How complexity of DFS is O(v+E)
v- no. of vertices
E-no. of edges.
Say, you have a connected graph with V nodes and E edges.
In DFS, you traverse each node exactly once. Therefore, the time complexity of DFS is at least O(V).
Now, any additional complexity comes from how you discover all the outgoing paths or edges for each node which, in turn, is dependent on the way your graph is implemented. If an edge leads you to a node that has already been traversed, you skip it and check the next. Typical DFS implementations use a hash table to maintain the list of traversed nodes so that you could find out if a node has been encountered before in O(1) time (constant time).

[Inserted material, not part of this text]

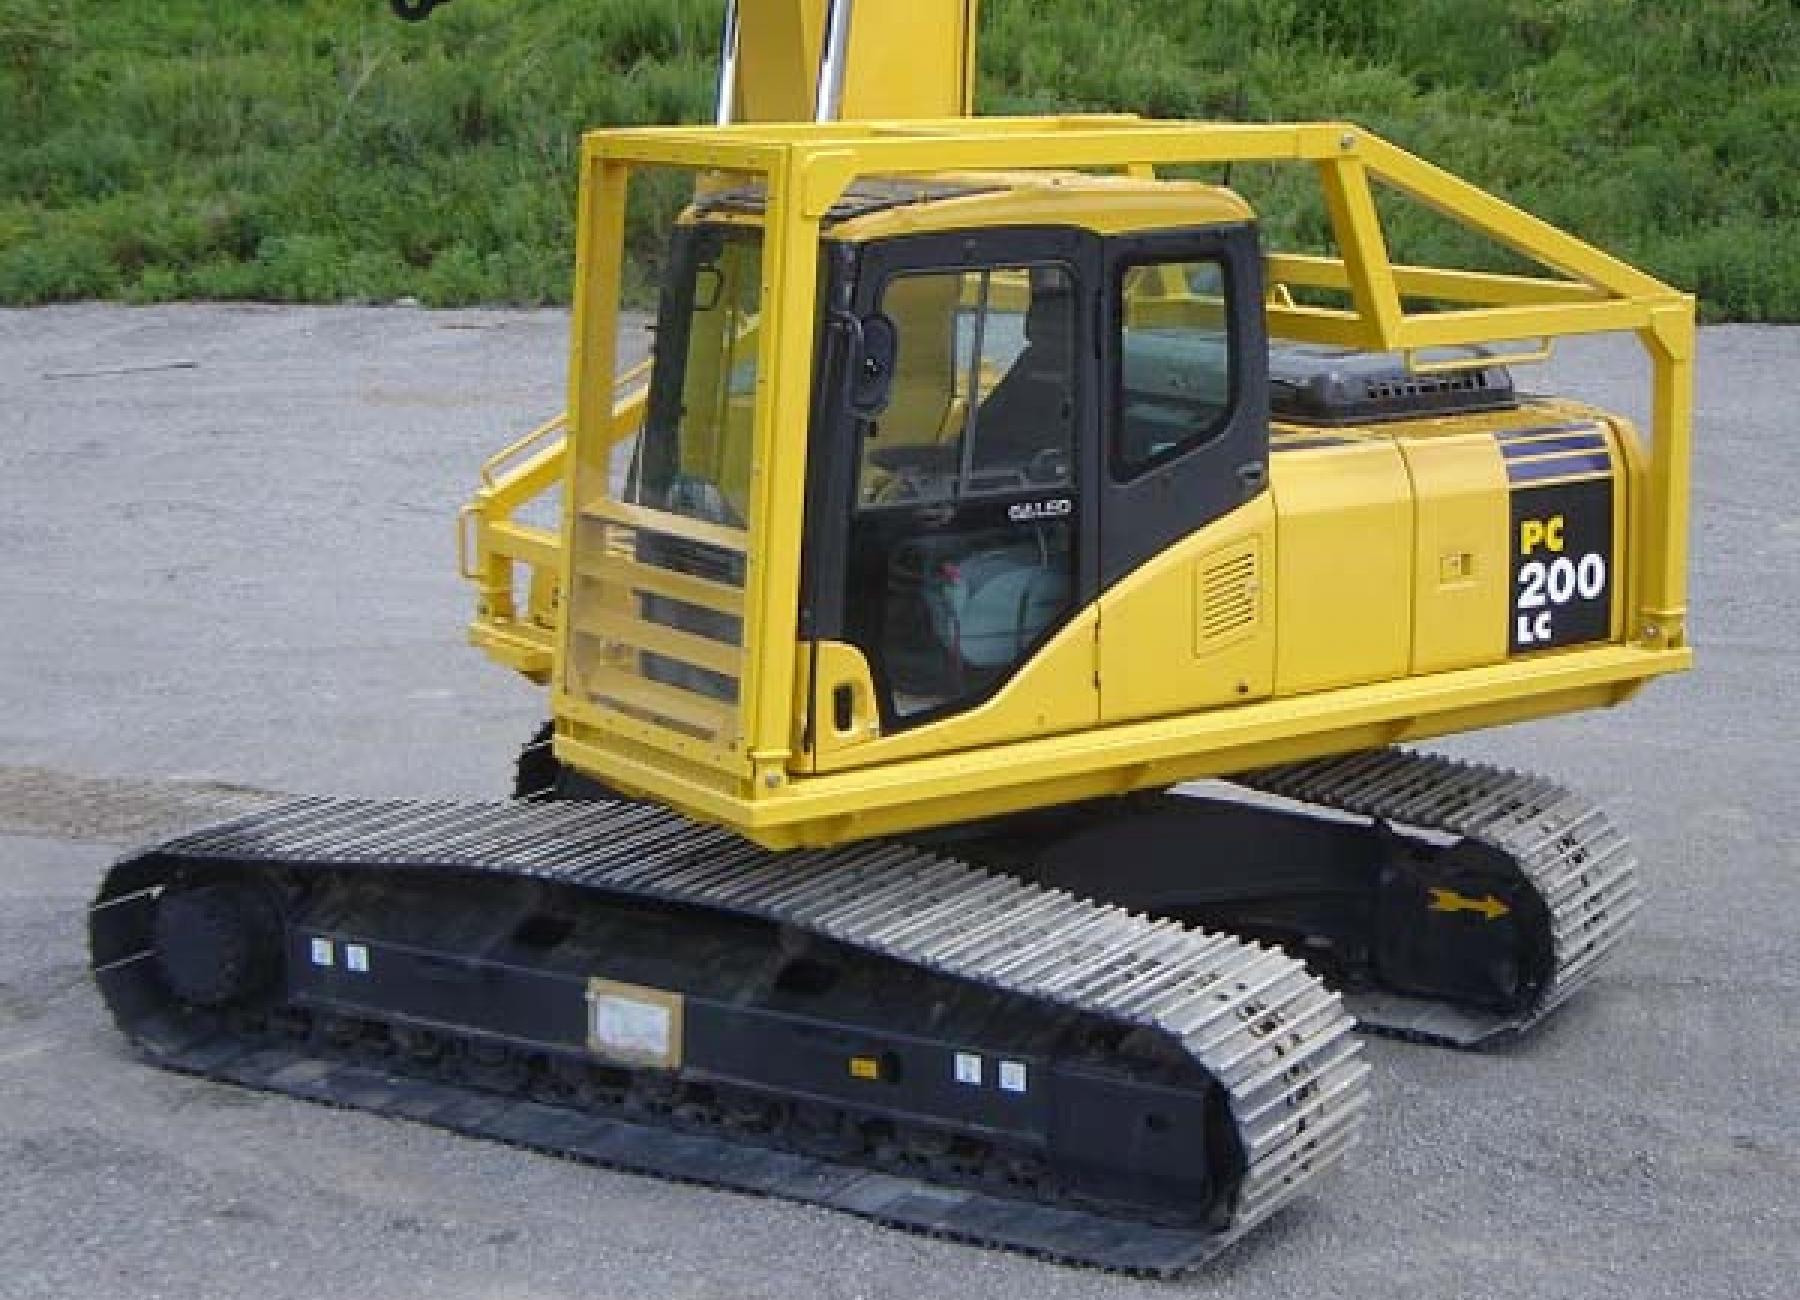 road builder guard excavator paladin attachments

If your graph is implemented as an adjacency matrix (a V x V array), then, for each node, you have to traverse an entire row of length V in the matrix to discover all its outgoing edges. Please note that each row in an adjacency matrix corresponds to a node in the graph, and the said row stores information about edges stemming from the node. So, the complexity of DFS is O(V * V) = O(V^2).
If your graph is implemented using adjacency lists, wherein each node maintains a list of all its adjacent edges, then, for each node, you could discover all its neighbors by traversing its adjacency list just once in liner time. For a directed graph, the sum of the sizes of the adjacency lists of all the nodes is E (total number of edges). So, the complexity of DFS is O(V) + O(E) = O(V + E).
For an undirected graph, each edge will appear twice. Once in the adjacency list of either end of the edge. So, the overall complexity will be O(V) + O (2E) ~ O(V + E).
I have hope its clear
yeah somewhat